DESCRIPTION OF SYMBOLS 3 Dicing tape 10 Film for semiconductor back surfaces with adhesive layer 12 Peeling layer 14 Flip chip type film for semiconductor back surface 16 Adhesive layer 18 (ring shape) Cover liner 20 Semiconductor wafer 21 Semiconductor chip 22 Dicing ring 51 Circuit surface of semiconductor chip Bump 6 formed on side Adhered body 61 Conductive material for bonding deposited on connection pad of adherend

Claims (4)

Step A of preparing a film for a semiconductor back surface with an adhesive layer comprising a film for a flip chip type semiconductor back surface and a ring-shaped adhesive layer provided on the outer periphery of the film for a flip chip type semiconductor back surface;
Step B for attaching a semiconductor wafer on the flip chip type semiconductor back film on the inner side of the adhesive layer, on which the adhesive layer is not laminated,
Step C for attaching a dicing ring to the adhesive layer;
After the process B and the process C, a process D for performing laser marking on the flip chip type semiconductor back film is provided.
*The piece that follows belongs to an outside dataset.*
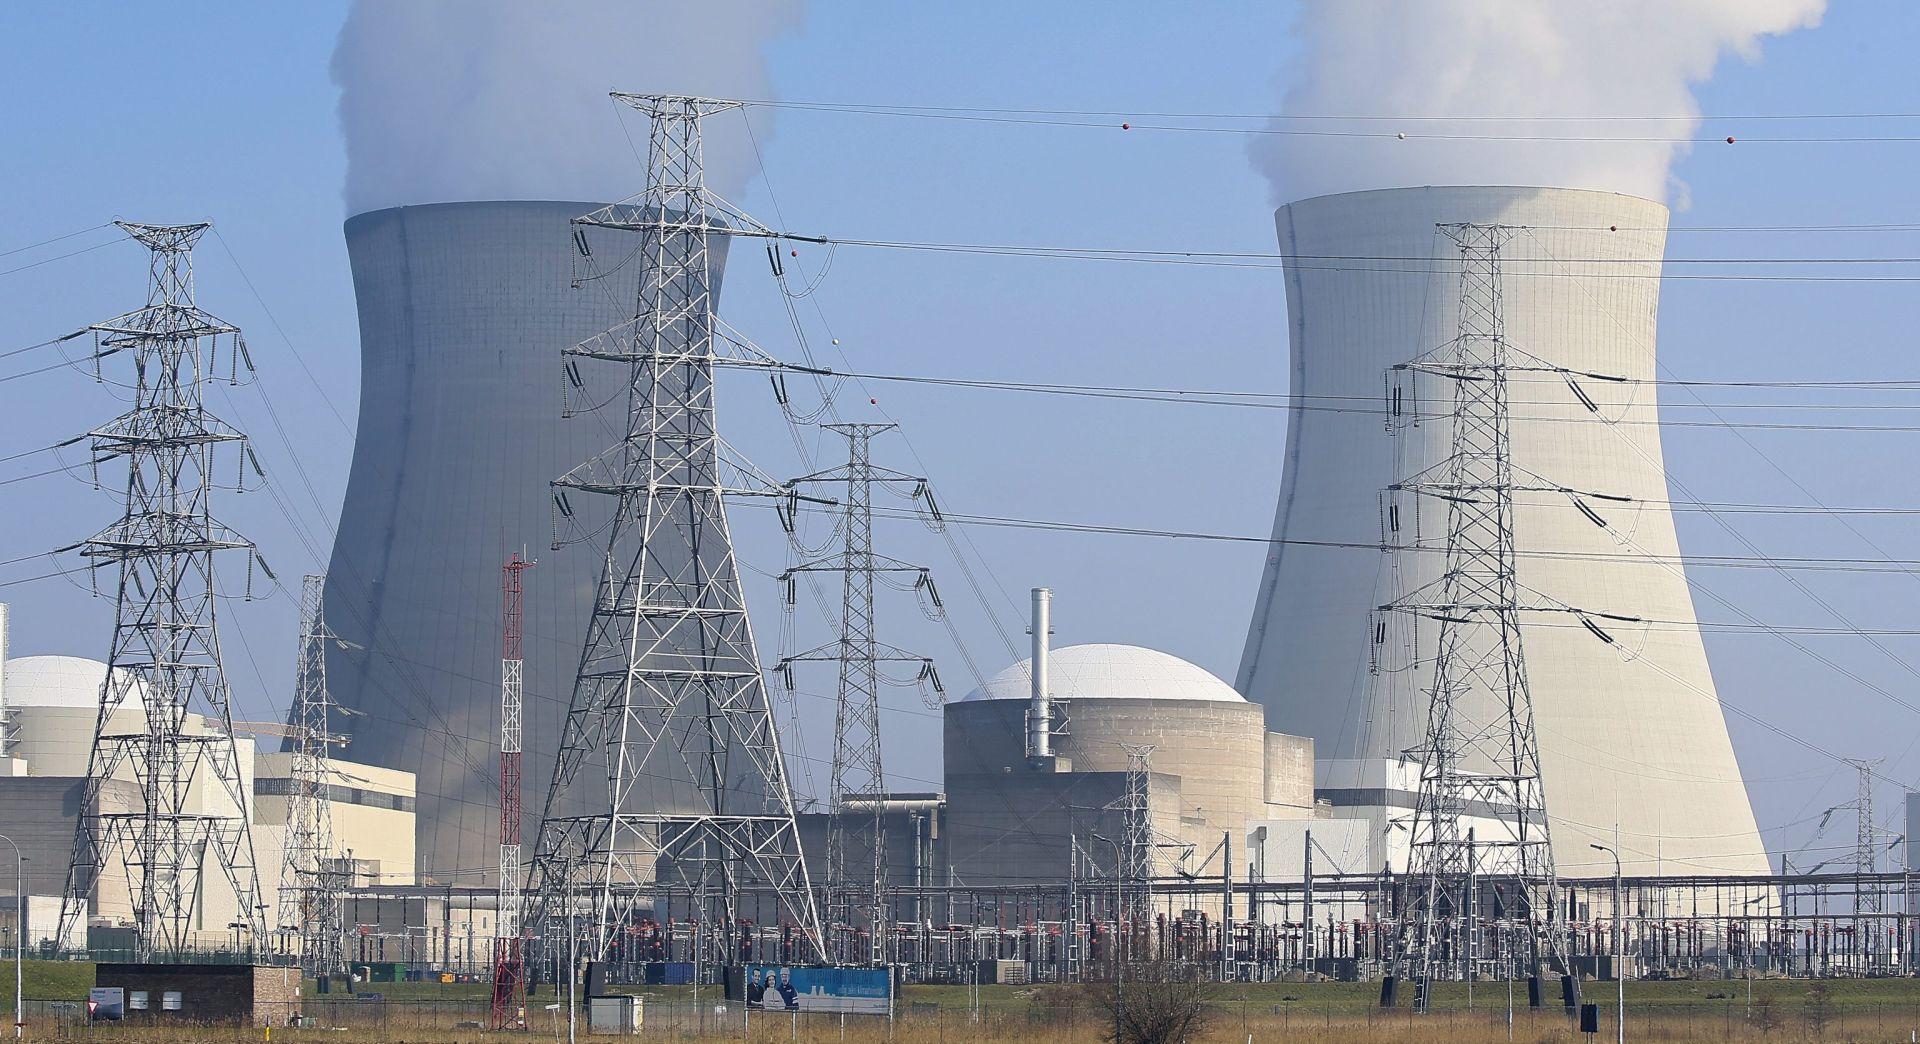 UKRADENA MU SIGURNOSNA PROPUSNICA Dva dana nakon napada u Bruxellesu, ubijen zaštitar nuklearne elektrane

Step E for attaching a dicing tape to the flip chip type semiconductor back film;
The method for manufacturing a semiconductor device according to claim 1, further comprising: a step F of dicing the semiconductor wafer together with a film for flip chip type semiconductor back surface to which laser marking is applied. Process G for peeling a semiconductor element with a flip-chip type semiconductor back surface film separated by dicing from a dicing tape
The method for manufacturing a semiconductor device according to claim 2, comprising: The film for semiconductor back surface with an adhesive layer is provided with a release layer on the surface on the flip chip type semiconductor back film side,
After Step B and Step C, the method includes Step X for peeling the release layer,
The method of manufacturing a semiconductor device according to claim 1, wherein the step D is performed after the step X. 5.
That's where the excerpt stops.